Directions – Leaving out the pictures, output the lines from the one that contains "Laptop HP EliteBook" through the end of the material, exactly as they stand.

Supplied data –
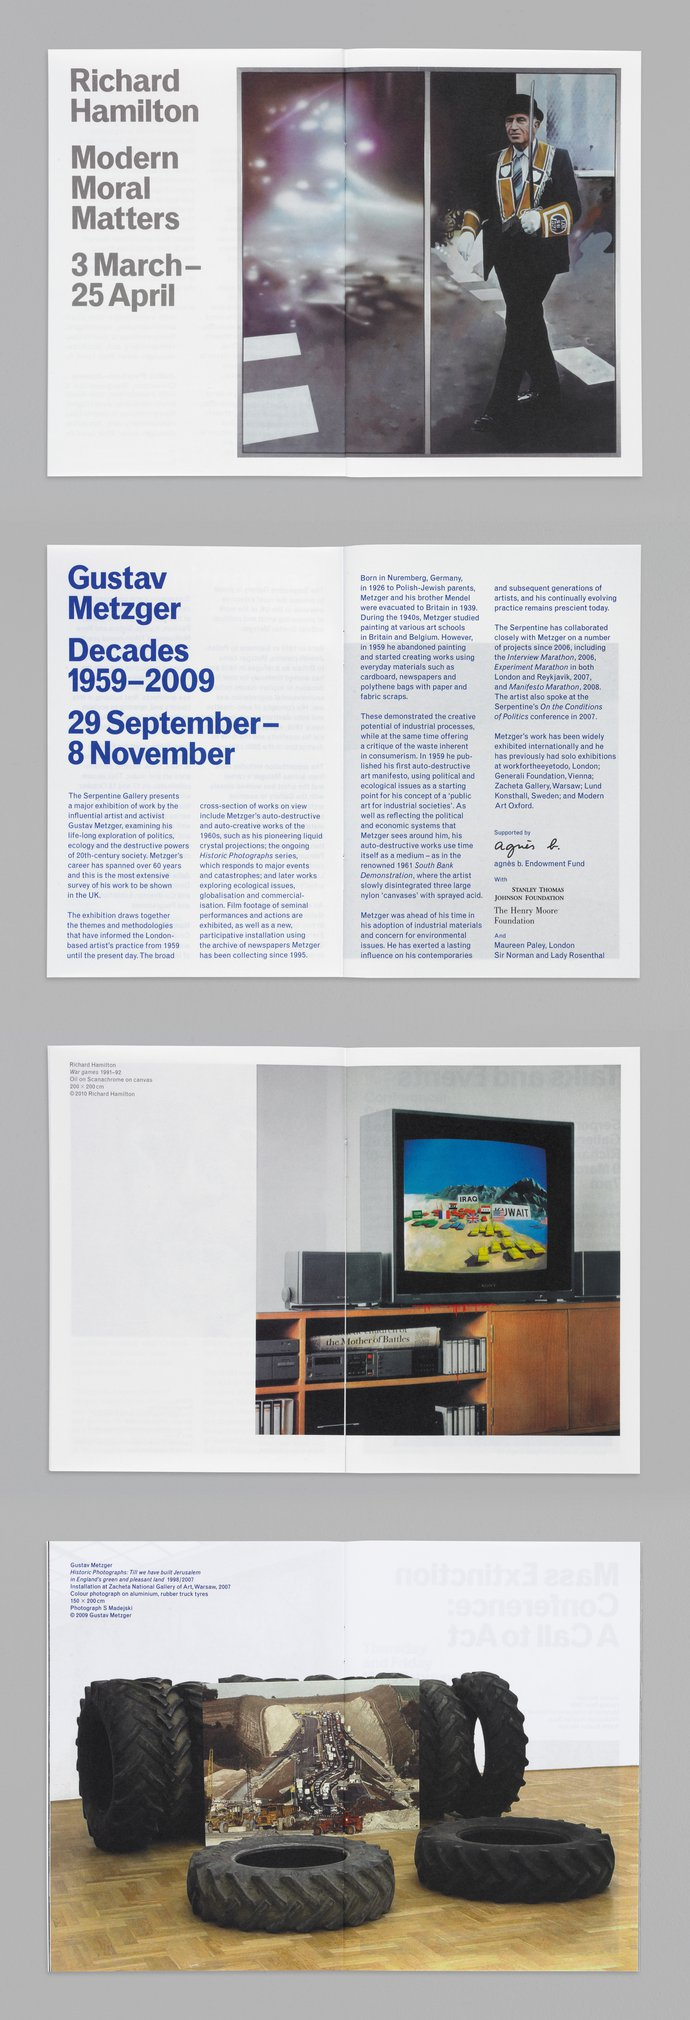 Serpentine Gallery – Identity, 2009, image 6
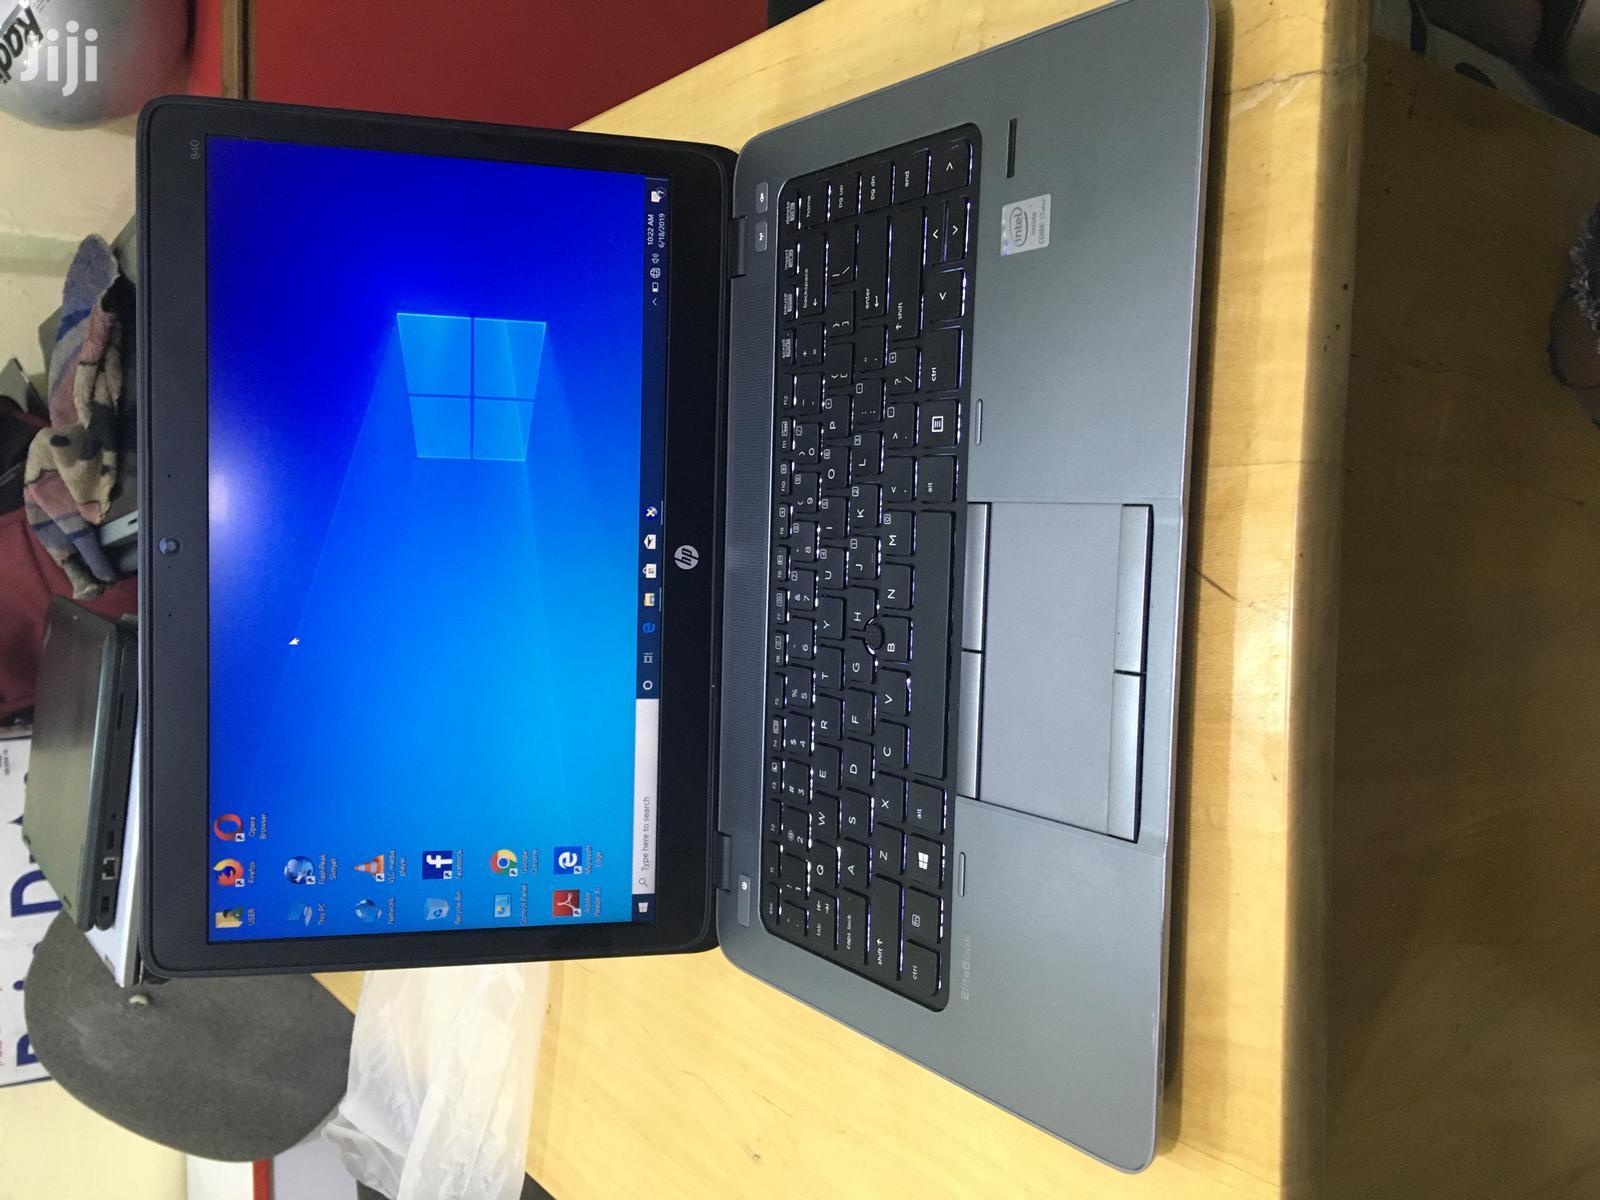 Laptop HP EliteBook 840 G1 4GB Intel Core I7 HDD 750GB | Laptops & Computers for sale in Kampala, Central Region, Uganda
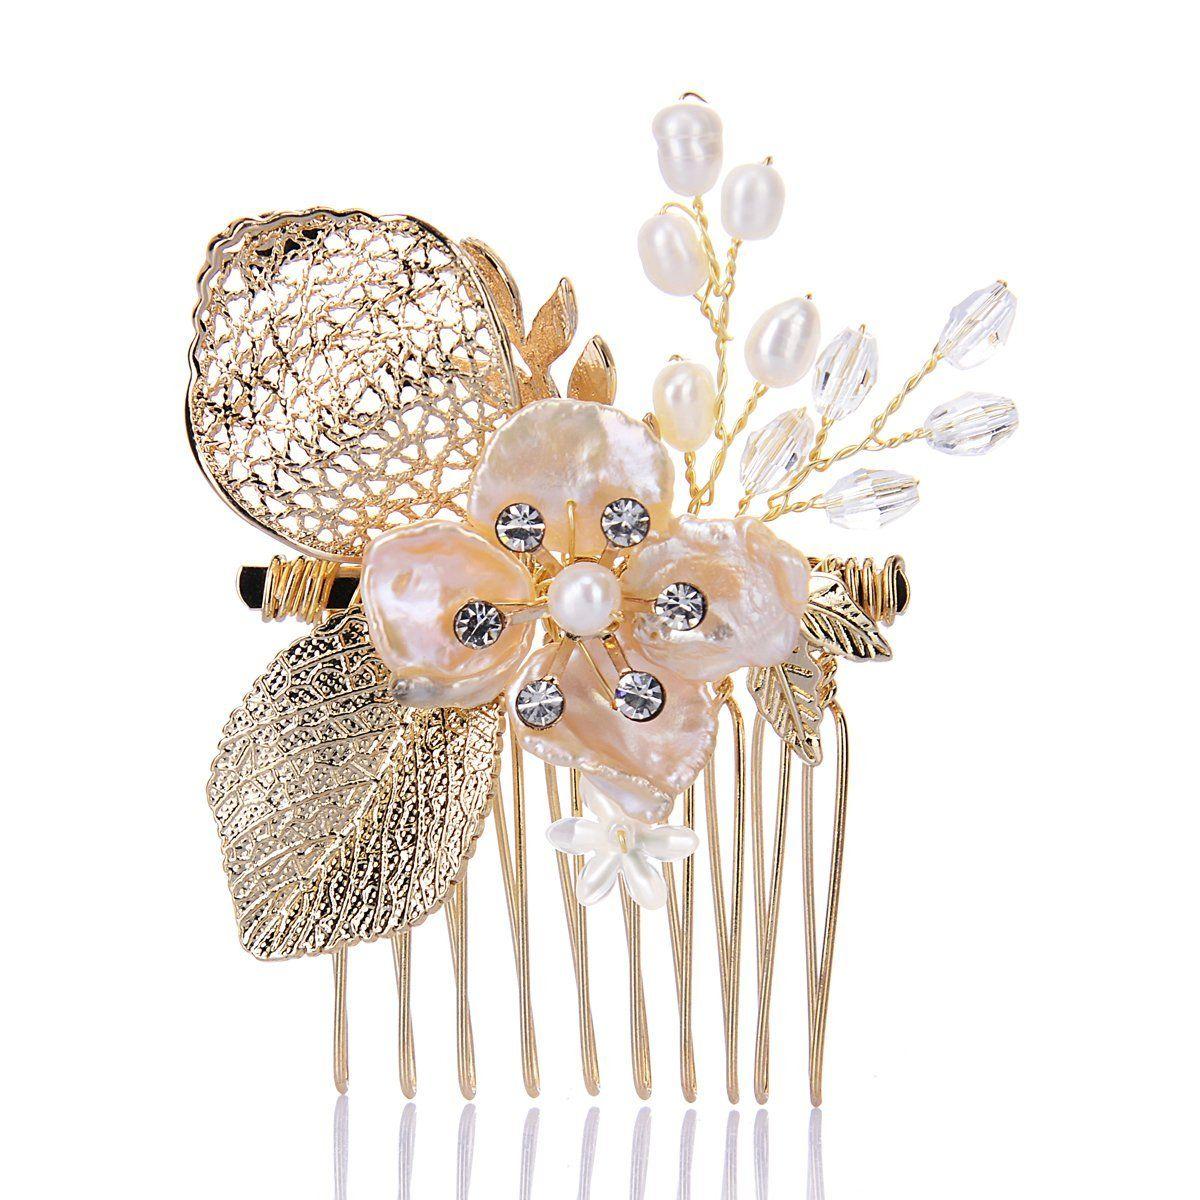 remedios handmade rose gold pearl hair comb wedding hair accessory

Task response –
 Laptop HP EliteBook 840 G1 4GB Intel Core I7 HDD 750GB | Laptops & Computers for sale in Kampala, Central Region, Uganda
 remedios handmade rose gold pearl hair comb wedding hair accessory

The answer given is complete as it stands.